This platformer/shooter hybrid was made in collaboration with Shaherfi Sidin for a school project. I was responsible for the gameplay and mechanics of the shooter section (starting at 7:42). I also provided some aesthetic suggestions and helped to merge the two codebases together.
As written in the video description:
This is a game about coping with depression. The player climbs out of the black abyss, haunted by the voice of depression, before finally gaining the courage to face it.
Our initial idea was to have two endings. In the “bad ending” you make the wrong choices during the platformer section, gaining powerups but becoming unable to defeat the final boss. In the “good ending” you go through the whole game without powerups, which gives you the strength to overcome the final boss. Unfortunately due to time constraints only the “bad ending” was finished. This ending is shown in the demonstration video.
Design
My contribution to Broken Wings is based off an earlier abandoned project called Twin Stick Tower. This was an attempt to build a robust twin stick shooter engine, with support for waves of enemies and enemy AOE attacks that had to be dodged. When I paired with Shah for this project, I realized that his game concept would be a good opportunity to salvage my old code and present it in a playable state.

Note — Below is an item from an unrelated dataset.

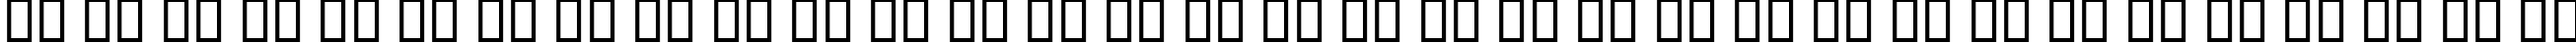 Пример написания русского алфавита шрифтом B Zaman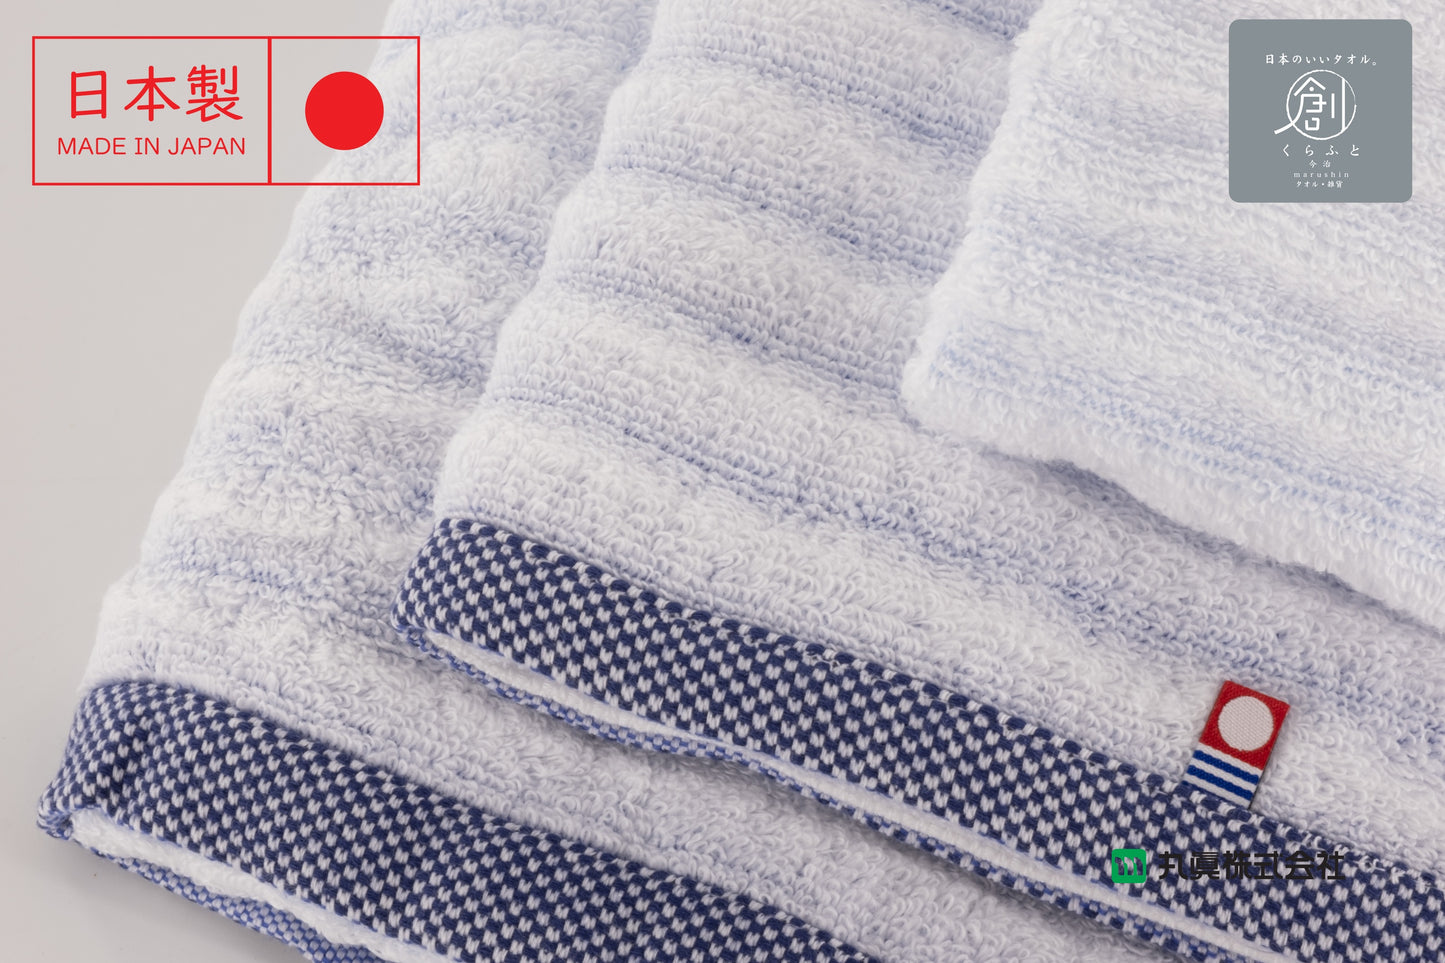 Imabari "Craft" Star plus Blue Zero Twist Towel

The architecture of Broken Wings is best described as two separate games duct-taped together. Shah and I worked on our sections individually before combining them into a single Processing project. This means that my game is completely self-contained, with the only input from the previous game state being what abilities the player has unlocked.
Collision
The hardest part of this project was writing the collision detection algorithms. Processing doesn’t provide collision detection baseline, which means I had to hit the books and lean heavily on vector math (which, thank god, it does provide libraries for). This let me do basic collision detection with circles and rectangles with arbitrary bearings.
Broken Wings only collides points with basic shapes because I couldn’t be arsed to write shape-on-shape detection, and I figured that all the important collision detection could be handled with point-on-shape collision anyway. Behind the scenes, the player and the player’s bullets are actually mathematical points, and only enemies and enemy bullets have hitboxes for them to collide against.
Waves
To handle enemy spawning, my game reads an external .csv file which looks something like this:
waveNo,tickNo,type,x,y,rotation,xTarget,yTarget,lifespan,text 0,120,MESSAGE,362,165,0,0,0,300,Why do you do this Child? 1,60,SPINNER,512,-50,0,0,0,350 2,0,SPINNER,240,-50,0,0,0,350 2,30,SPINNER,760,-50,0,0,0,350 2,60,SPINNER,512,-50,0,0,0,350
These table rows are translated into enemy spawn events and sorted into waves. The game then goes through waves individually, spawning all remaining enemies in each wave at the appropriate timer tick, then moving on to the next wave if all enemy objects associated with the current wave have been destroyed.
Skills
While my previous attempts at shooters had hard-coded enemy behavior, I decided to do something a little more interesting and expandable with Broken Wings (as I had originally planned for Twin Stick Tower).
Instead of predefined behavior for each enemy object, enemy objects spawn with Skill objects as children. These Skills are essentially event timers that trigger off cooldown and have effects like spawning bullets at their parent’s location.
Thanks to this system, I was able to give the final boss a wide variety of skills that spawn eye beams, AOE circles, enemy adds, etc.